Sentimen global juga kurang membantu. Kontrak berjangka saham AS bergerak turun setelah Wall Street menguat semalam, di tengah perhatian pasar pada komentar IMF yang menyoroti defisit transaksi berjalan AS masih berlebihan—membuat pelaku pasar kembali sensitif terhadap isu stabilitas fiskal dan arah kebijakan ekonomi Washington.
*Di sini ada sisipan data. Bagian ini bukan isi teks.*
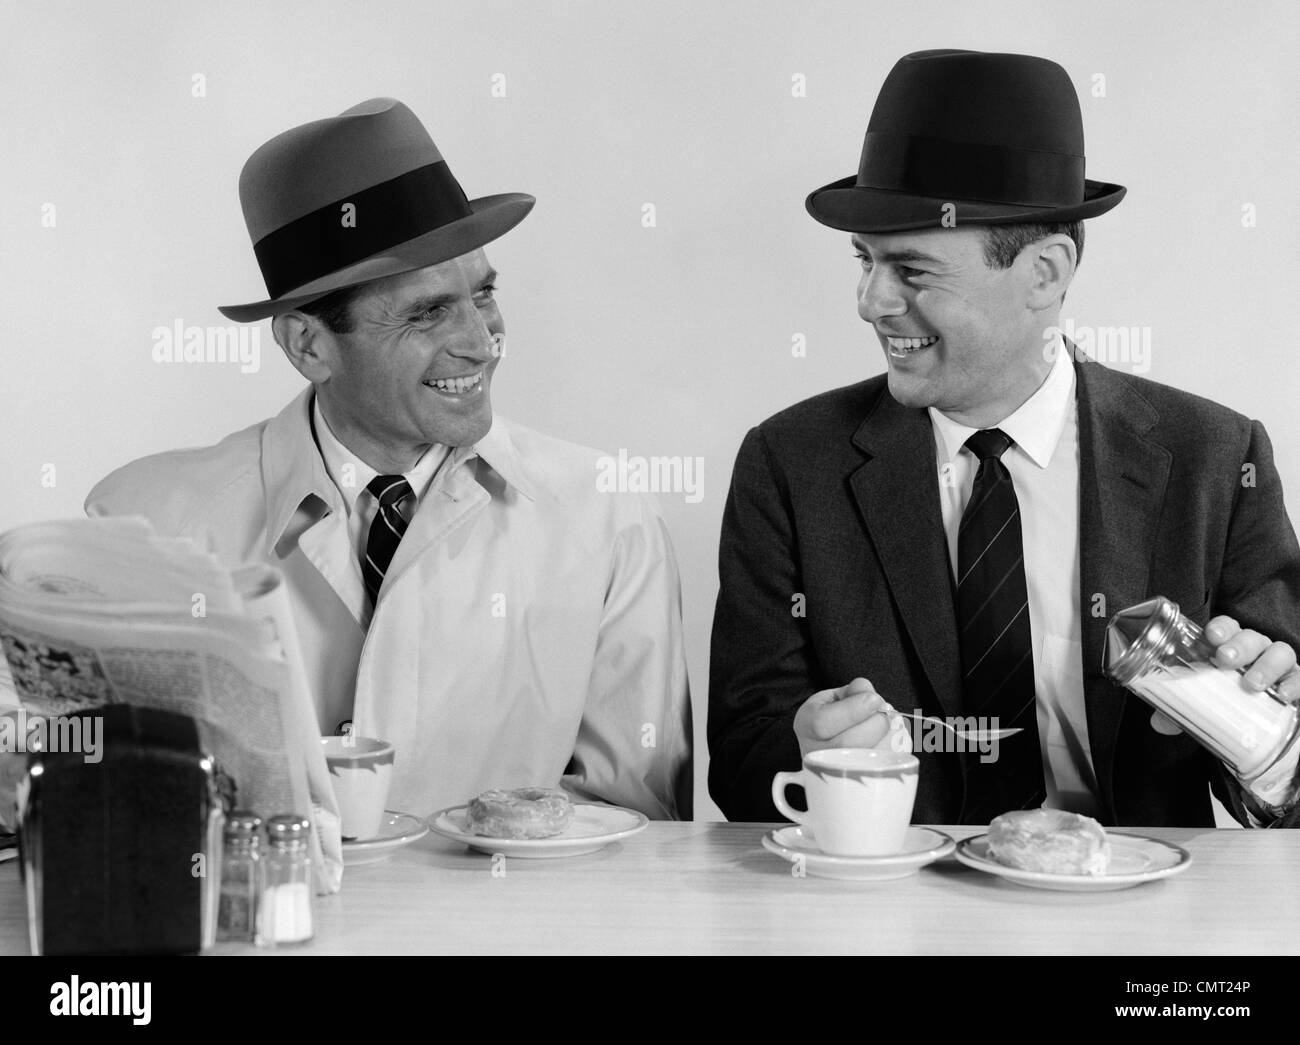 1960s TWO BUSINESSMEN WEARING HATS DRINKING COFFEE SMILING TALKING SITTING TOGETHER AT A DINER LUNCH COUNTER Stock Photo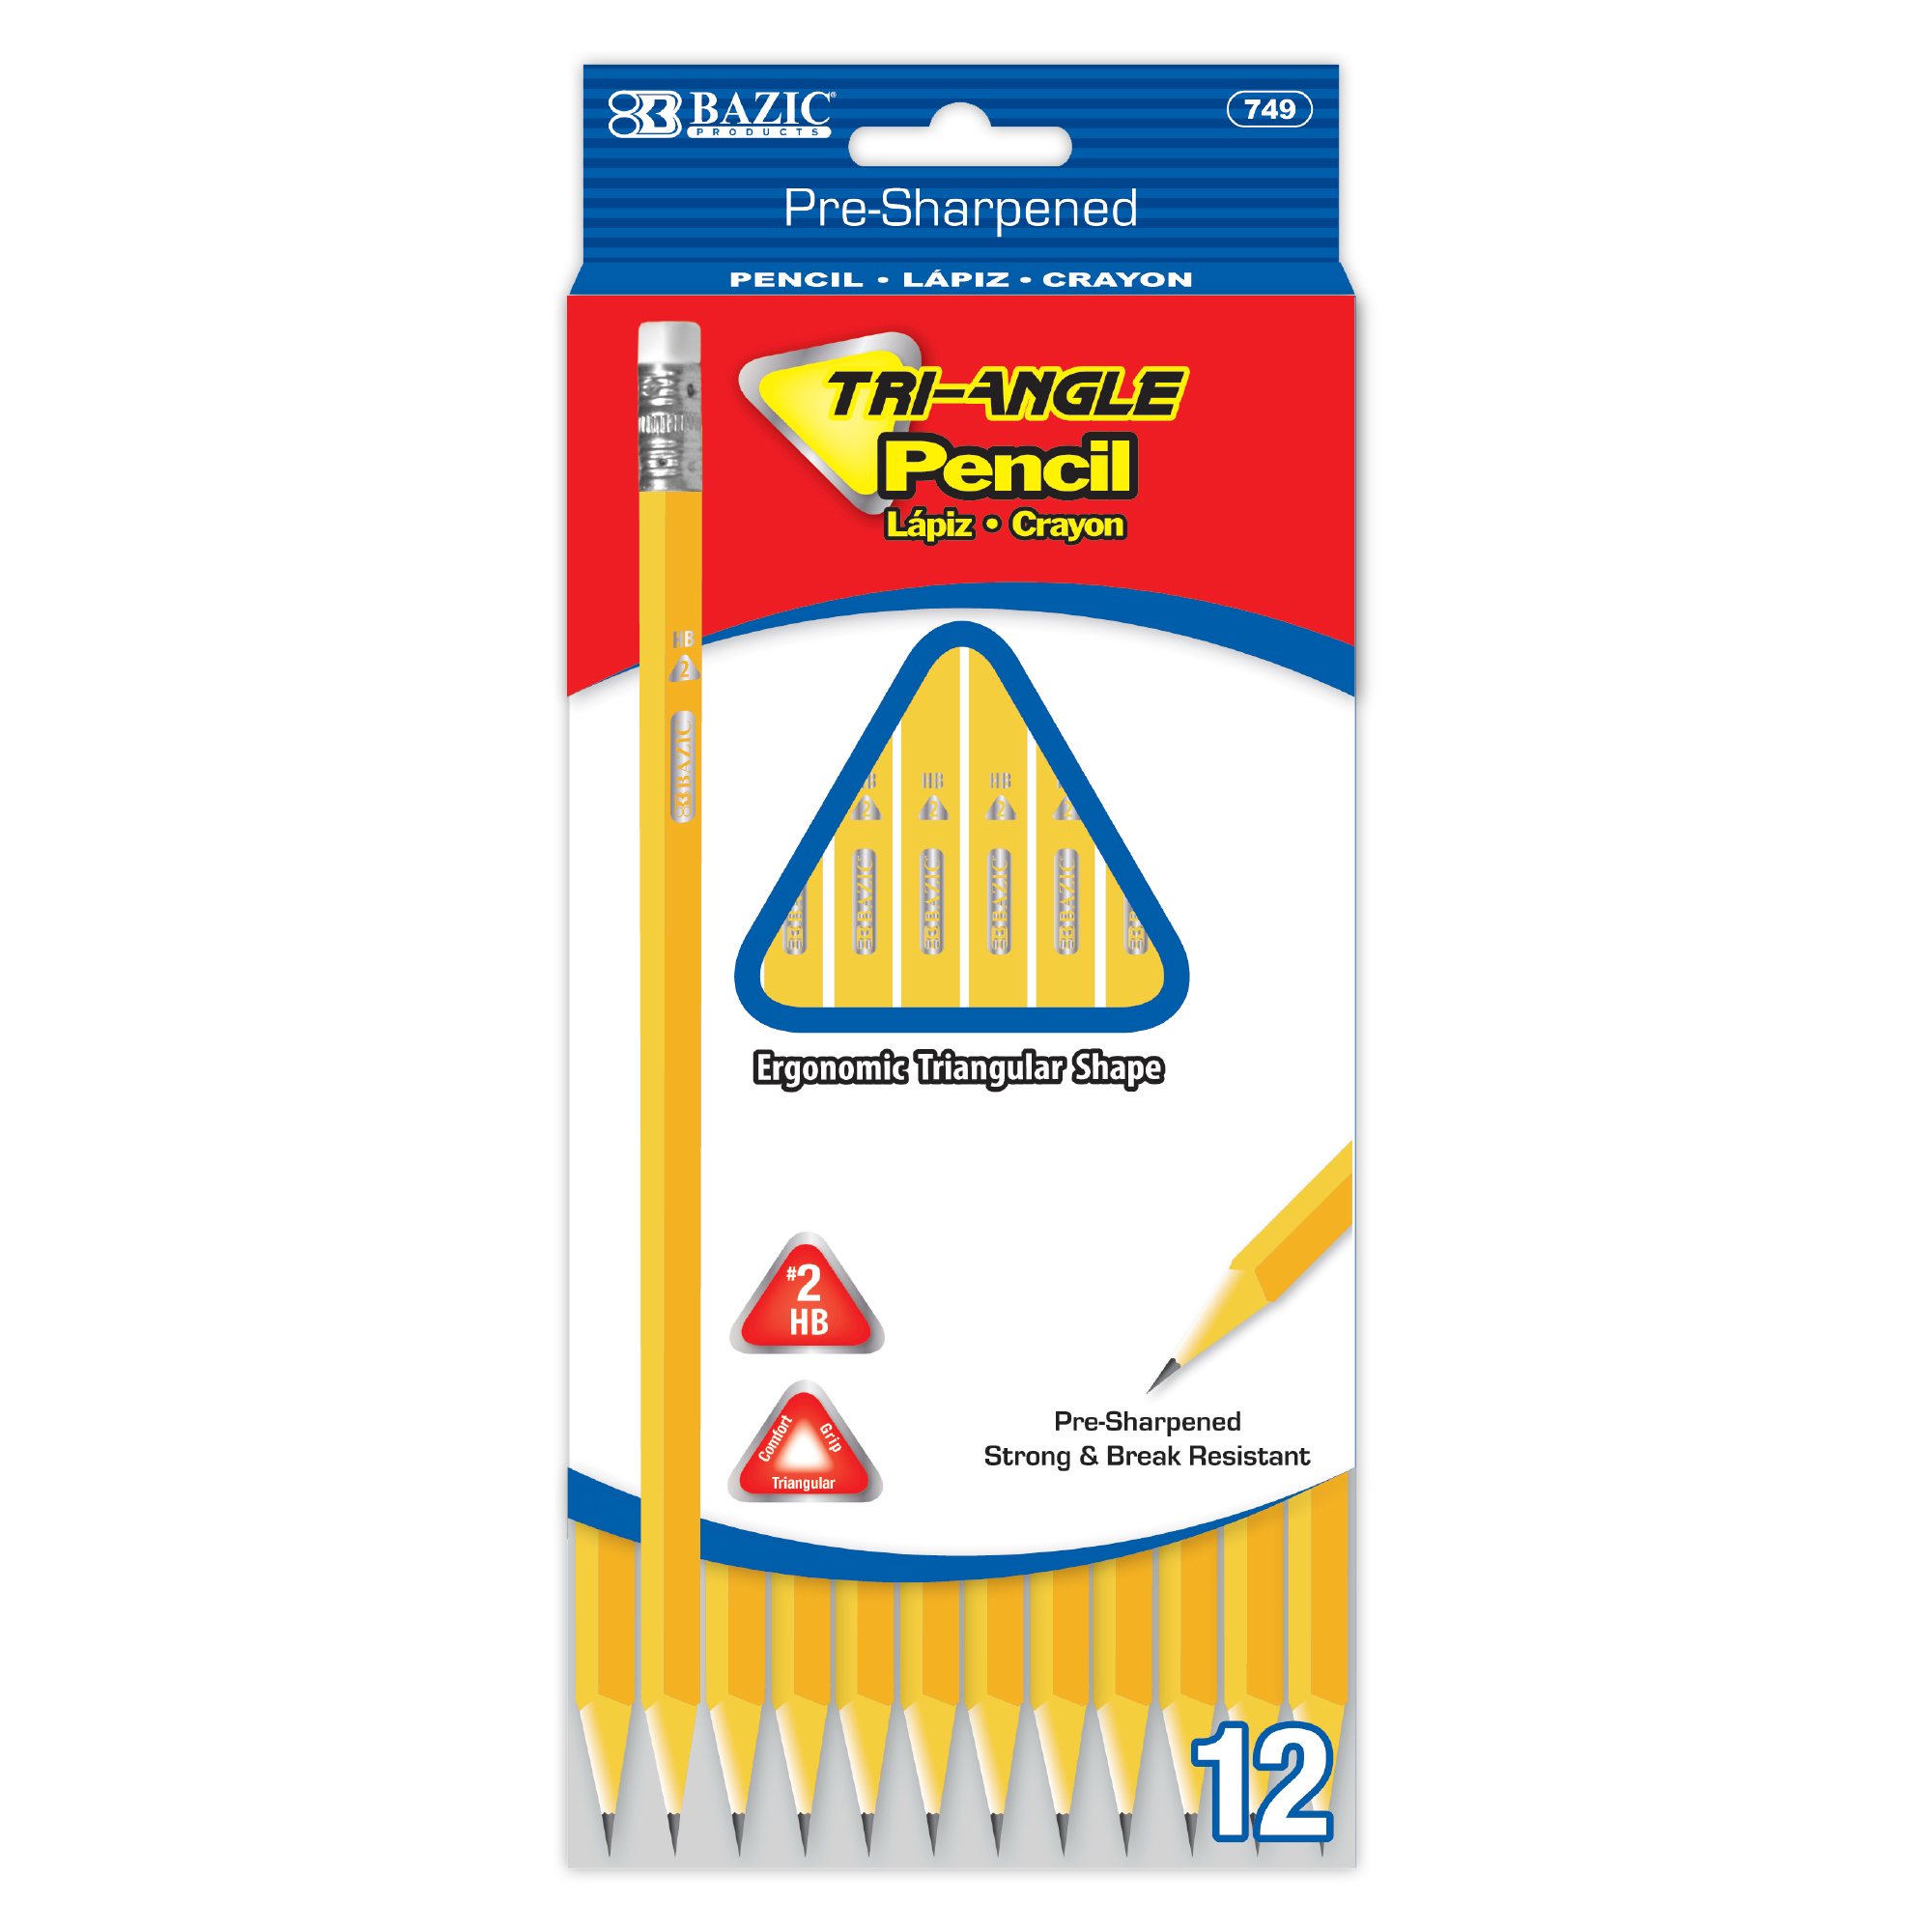 [Wood] Yellow Pencil #2 Triangle (12/Pack)

Di dalam negeri, pelemahan Hang Seng tertahan oleh faktor penyeimbang: anggaran Hong Kong tahun fiskal 2026/27 memproyeksikan surplus operasional lebih cepat dari perkiraan setelah tiga tahun defisit. Data inflasi Hong Kong juga melandai pada Januari, memberi sinyal tekanan harga lebih jinak dan membuka ruang kebijakan yang lebih stabil.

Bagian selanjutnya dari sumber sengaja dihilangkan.